Past six o’clock in the evening, the world seemed like a lonesome place to be. There’s no one around to see. The sea was so serene. The sky was getting dark. The wind blows, chilled me.
I felt isolated. But I had enough time, waited for somebody to come and share the darkness with me. Nothing to fret on, patience is my good worth.
Thirty minutes later, it paid off when I saw something ahead, straight from the horizon. It appeared to get out of its hiding. More than willing to prove to itself, its eagerness to give light, courage and reasons not to afraid in the gloomy variety of life.

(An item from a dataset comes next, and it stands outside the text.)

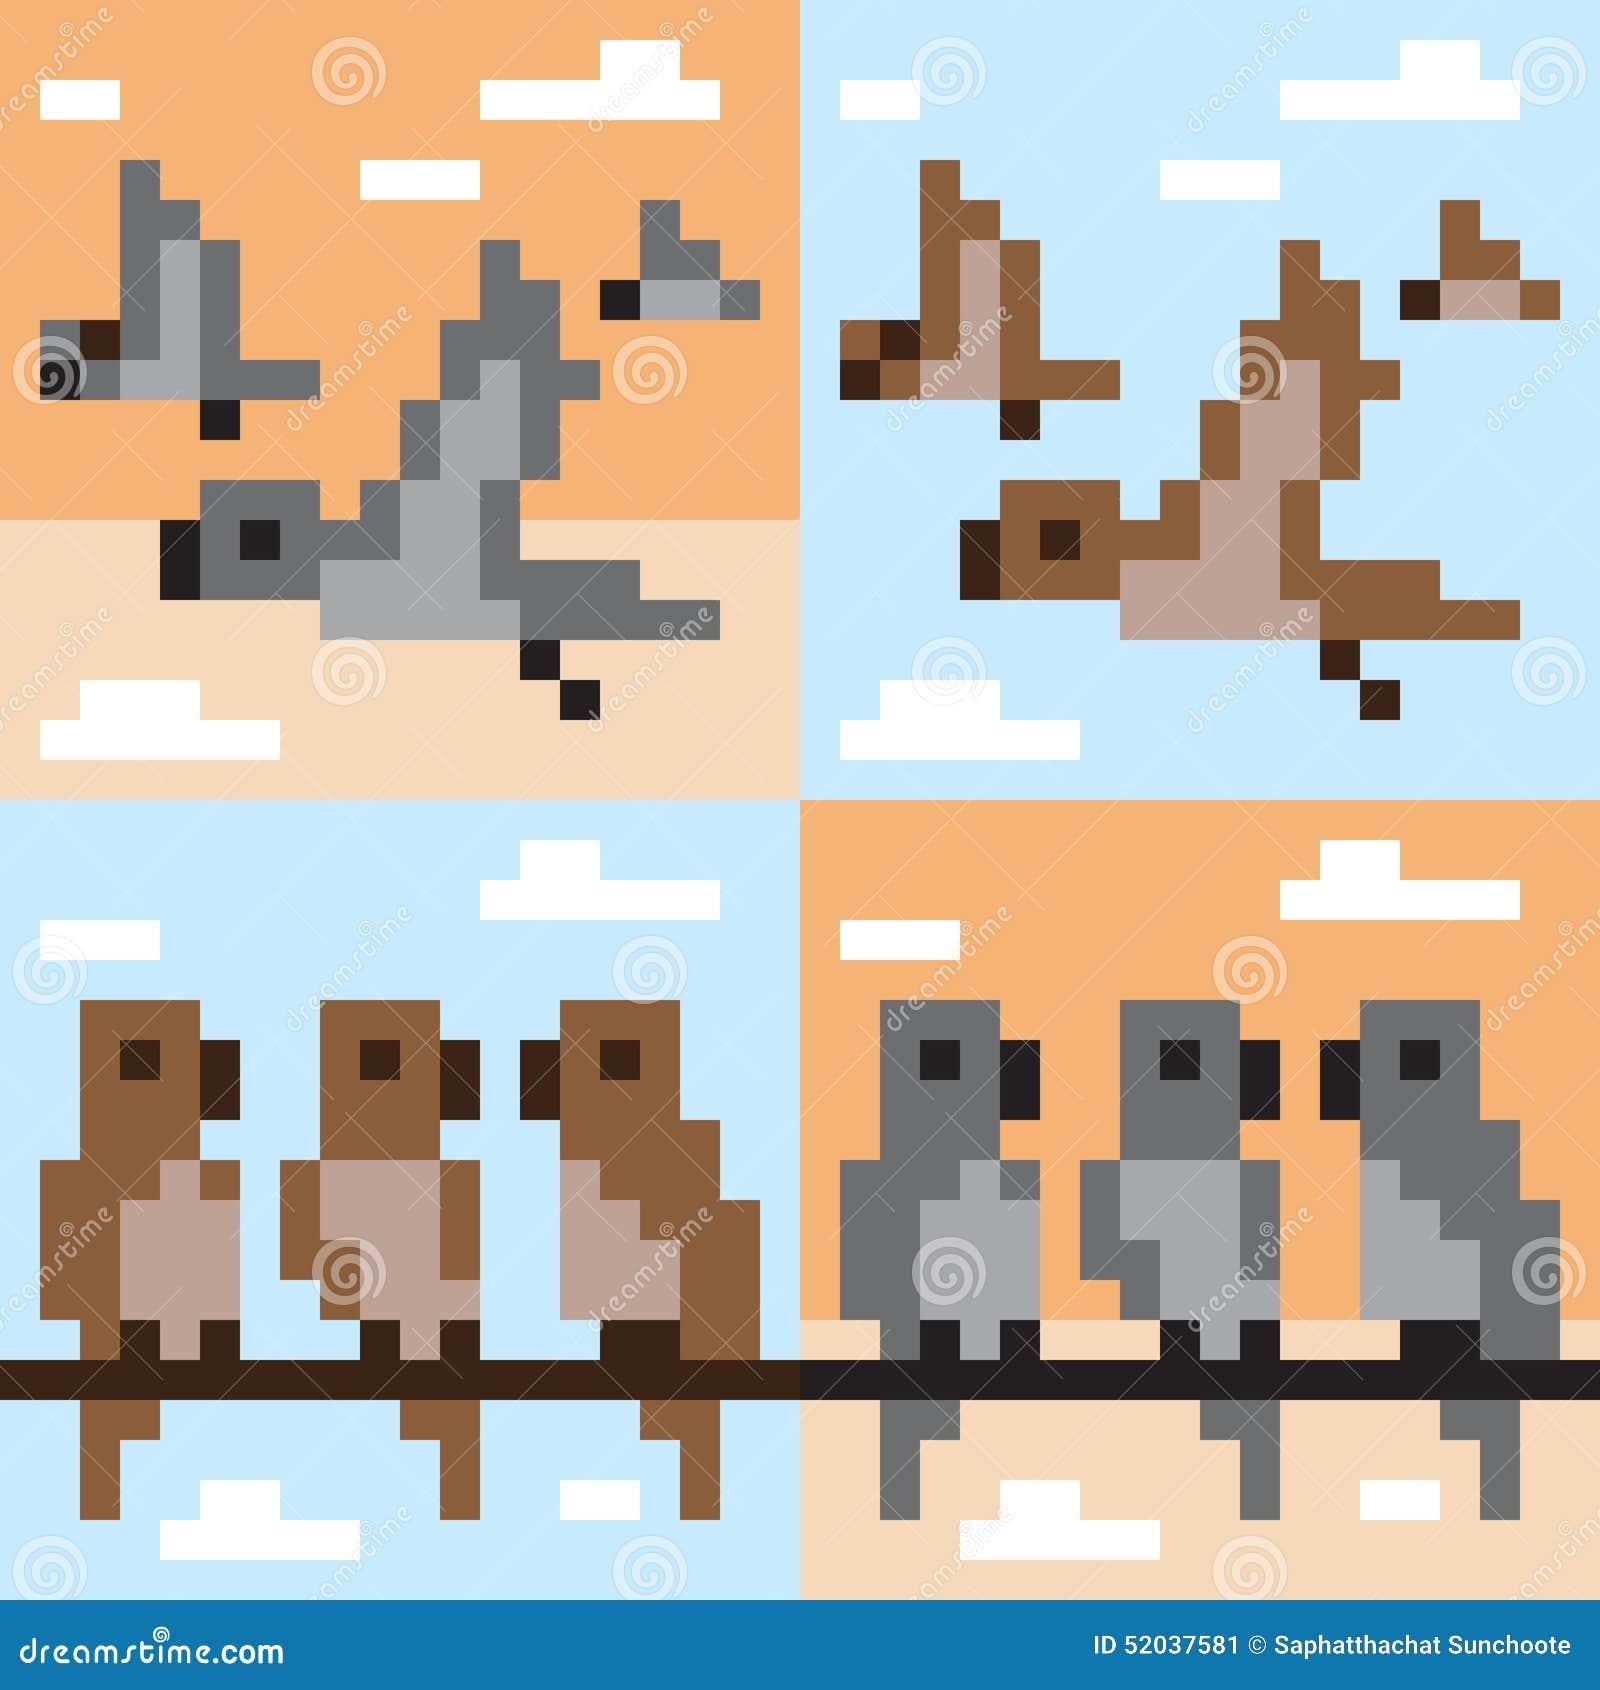 Mouche d 39 oiseau d 39 art de pixel de mod le illustration de vecteur illustration 52037581 - Oiseau mouche dessin ...
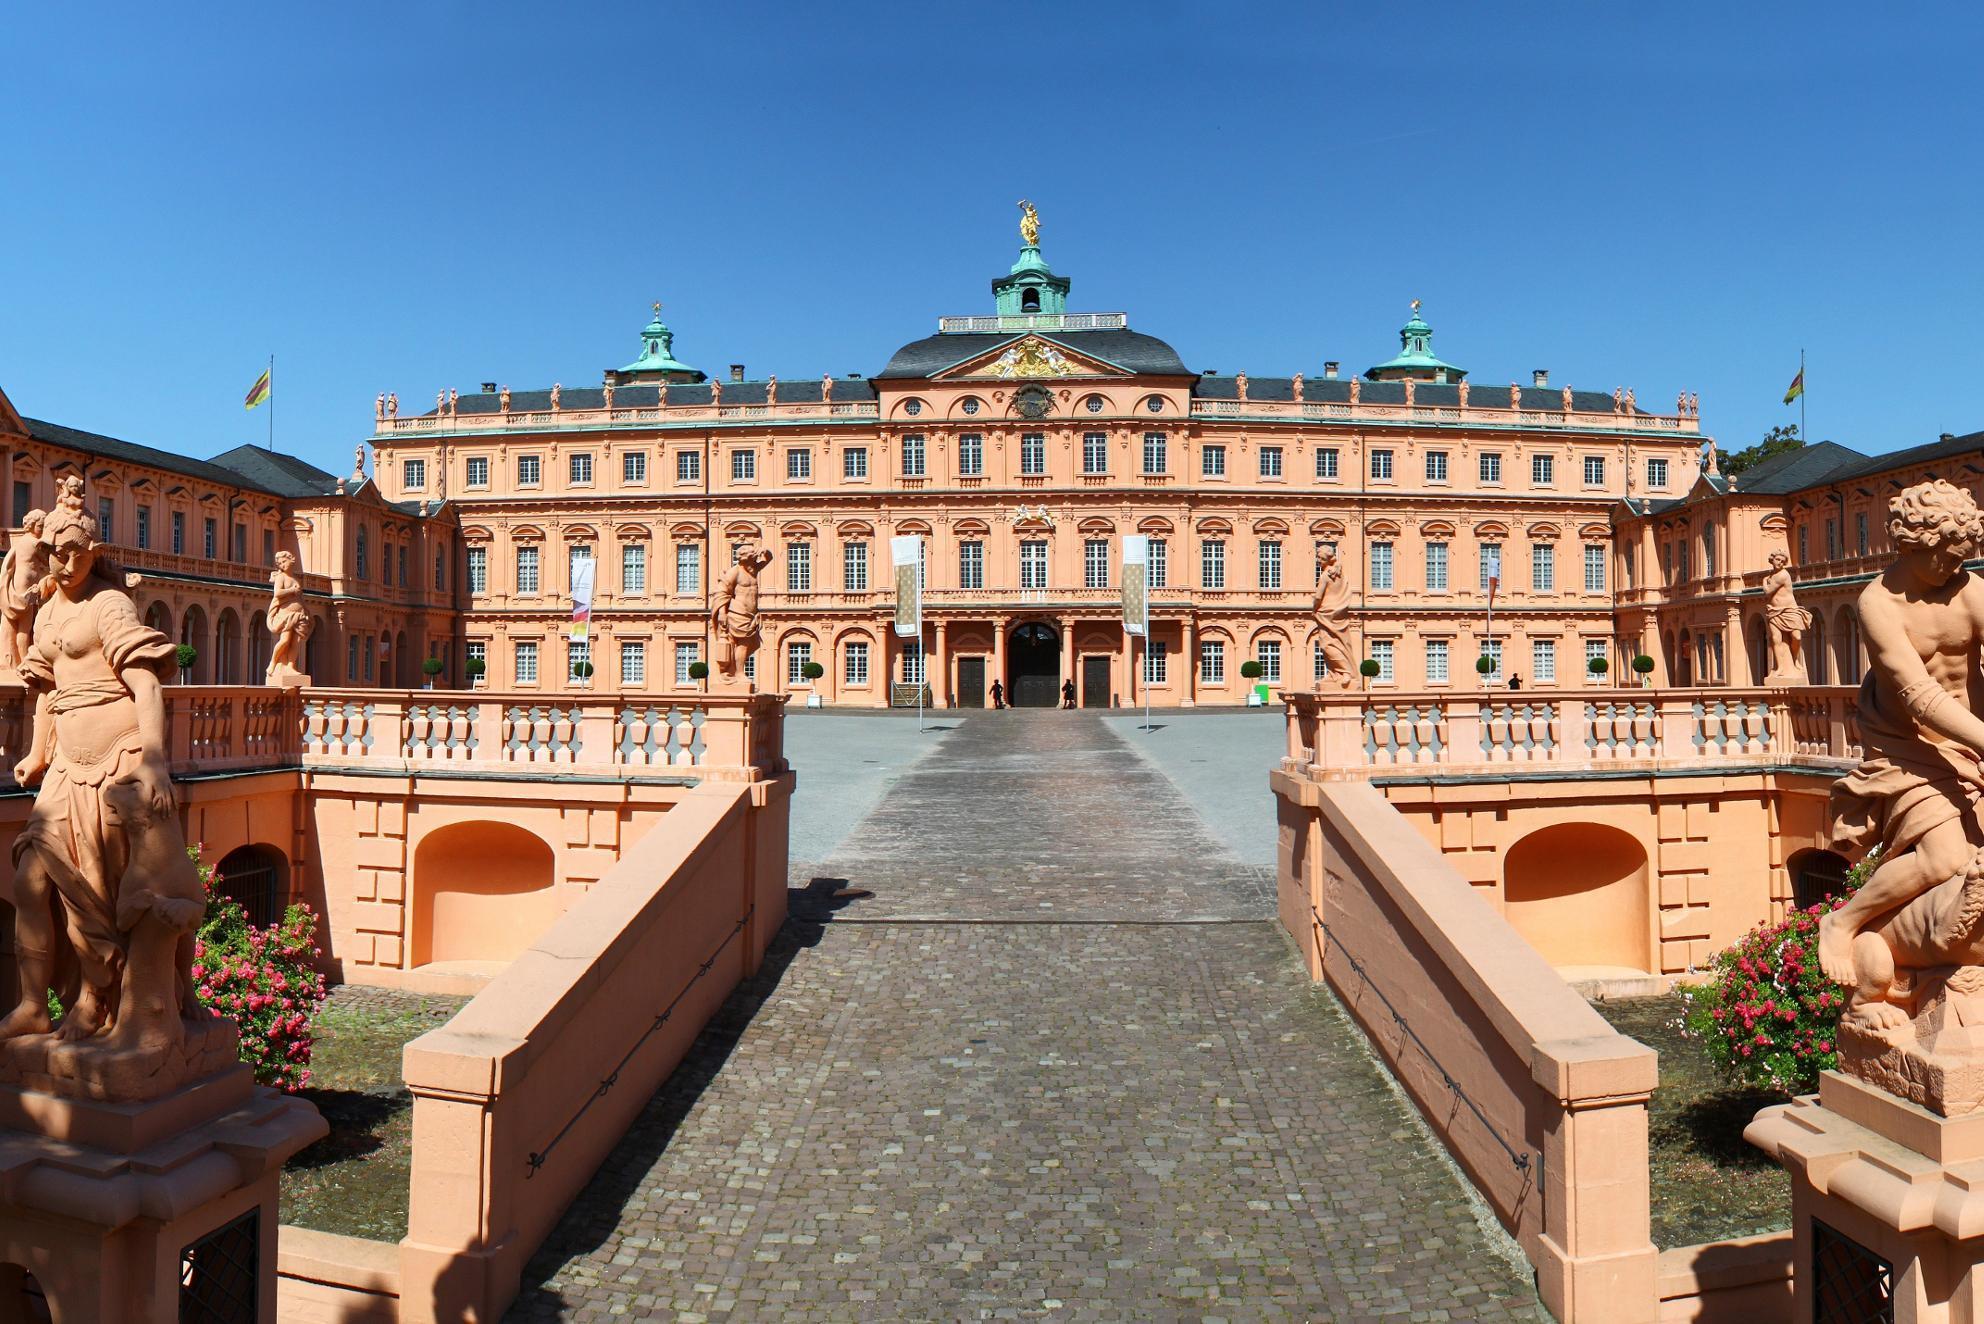 Château résidentiel de Rastatt, escalier menant à la cour d'honneur; l'image: Aero-Südwest, Monika Schlangen

It’s naked and beautiful. Its body was wonderful that turned me on and aroused me like a desperate old man. I stopped and can’t help but stared, while it seized my consciousness. Felt its need of me more than my needs to it. I had the notion we loved each other that night.
As we went face to face, it exposed everything about me. My desire, dreams, and weaknesses were put into picture, reflected on its luminous self. The moon and its disguised radiance but dim in reality, its perfect coin-shape form but have flamboyant, unstable surface in veracity, its nearness in sight but beyond human-flesh touch, theoretically.
That was the night when the moon stripped me. And by its light and splendor, nobody took the path with me. I was alone, and that will be the last …
This blog is dedicated to Edriane, my son.